The questions propounded to the witness Almon called for mere conclusions on his part, and were properly excluded. The witness stated the facts, and his impression or opinion as to their significance was not proper for the consideration of the jury, who, could draw their own conclusions from all the evidence before them. It may be that the admission of such conclusions, their validity being subject to impeachment on cross-examination, would not be held as reversible error, but the court cannot be put in error for rejecting them.
The special instruction given to the jury at the instance of plaintiff was clearly and vitally erroneous, since it directed a verdict for the plaintiff upon the predicate merely of his arrest by an agent or servant of defendant, and took away from the jury the essential question of the agent's authority, on the one hand, or of the principal's ratification, on the other.
On this question, and on the general principles of liability applicable to this case, the trial judge correctly instructed the jury both in the oral charge and in the special charges given at the instance of defendant; and we apprehend that the giving of the erroneous charge was merely an inadvertence on his part. If it were misleading only, it would be cured by the other instructions referred to, as held in Forbes v. Plummer,198 Ala. 162, 73 So. 451. On the contrary, it is flagrantly erroneous, and in direct contradiction of the other instructions; and in such cases this court has always declined to speculate or conjecture as to which of the opposing instructions the jury may have followed, and has held that the giving of the erroneous and injurious charge must work a reversal of the judgment. As observed in L. N. R. R. Co. v. C. M. Brewing Co., 150 Ala. 390, 43 So. 723:
"An instruction which attempts to cover the whole case, and authorizes a finding for one party or the other, according as the jury may determine certain facts, is erroneous, if it omits any material issue; and such error is not cured *Page 255 by another instruction properly submitting the omitted issue."
We need not consider the action of the trial judge in refusing to give the general affirmative charges requested by defendant, covering the first and second counts separately, and also the entire complaint.
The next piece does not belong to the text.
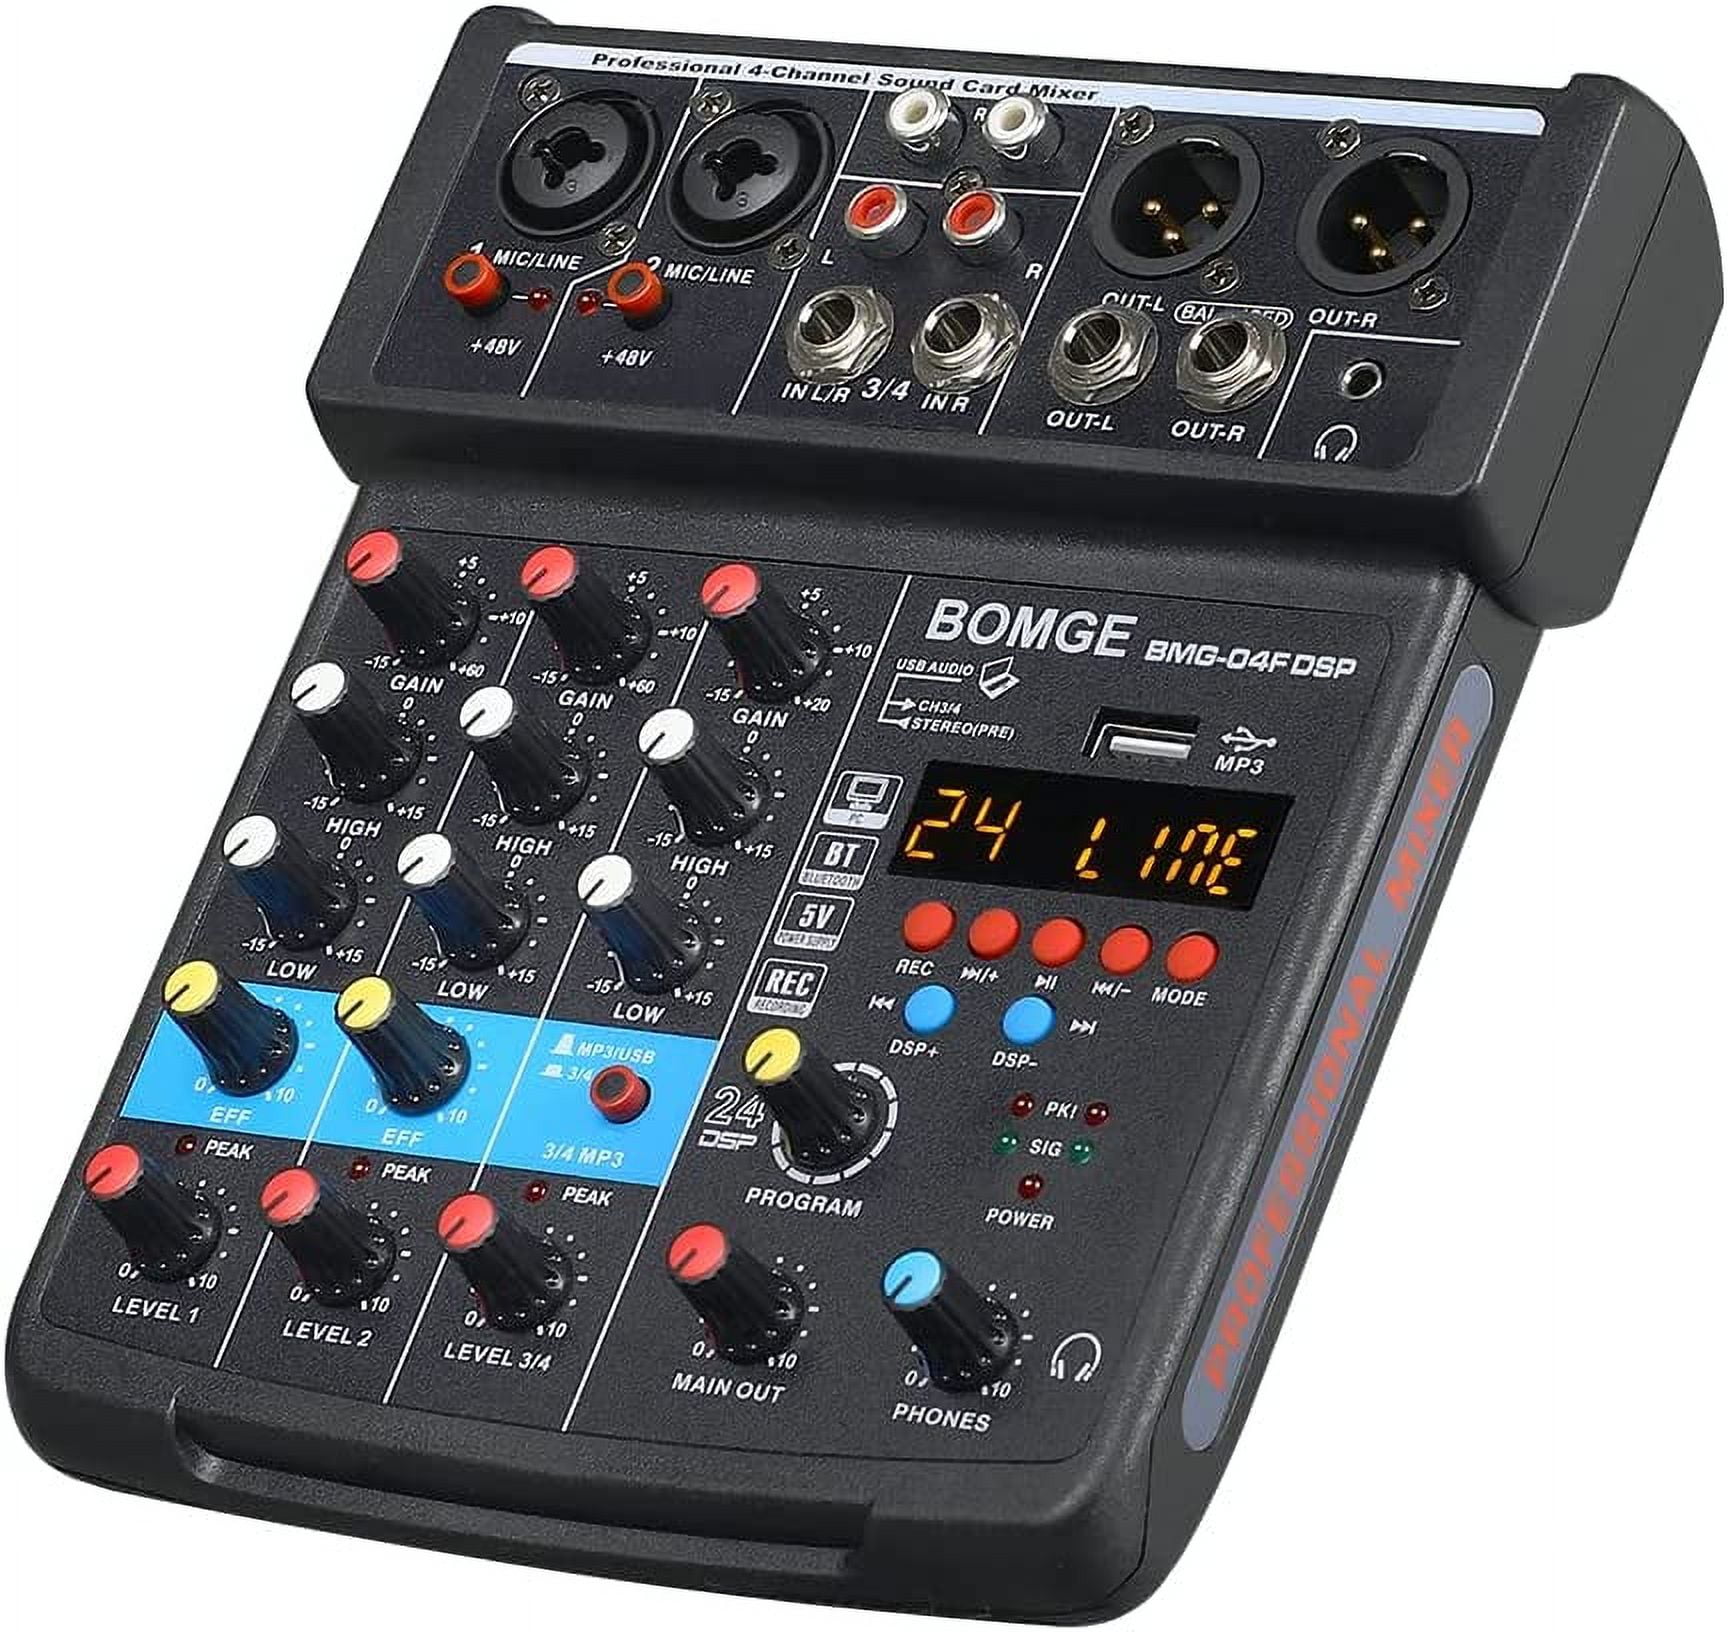 Portable sound card audio mixer 4 channel live streaming computer

Very clearly, however, a count charging trespass against a corporation, as its own direct act, may be supported by proof that it was authorized or ratified by the vice principal or alter ego of the corporation. Union Naval Stores Co. v. Pugh,156 Ala. 369, 47 So. 48. Here the authorization or ratification, if there was any at all, was by the hotel manager, Mr. Halfacre, who was undoubtedly the vice principal, and whose acts, with respect to the operation of the hotel and the conduct of its business, were the direct acts of the corporation itself. The doctrine of the Henry Case, 139 Ala. 161,34 So. 389, which has often been followed by this court, and which is now invoked by appellant as entitling it to the general affirmative charge as to the first and second counts, is not applicable to cases of corporate action shown to have been by a vice principal, as distinguished from an ordinary agent or servant.
It is therefore clear that, so far as the general affirmative charge is concerned, all of the counts stood upon the same footing; the right to a recovery depending in each case on proof of an unlawful arrest or detention of plaintiff's person by an agent of the defendant acting within the scope of his authority, or whose act, if originally unauthorized, was presently or subsequently ratified by the defendant company, or its managing and responsible agent.
For the error noted the judgment will be reversed, and the cause remanded for another trial.
Reversed and remanded.
ANDERSON, C. J., and McCLELLAN and THOMAS, JJ., concur.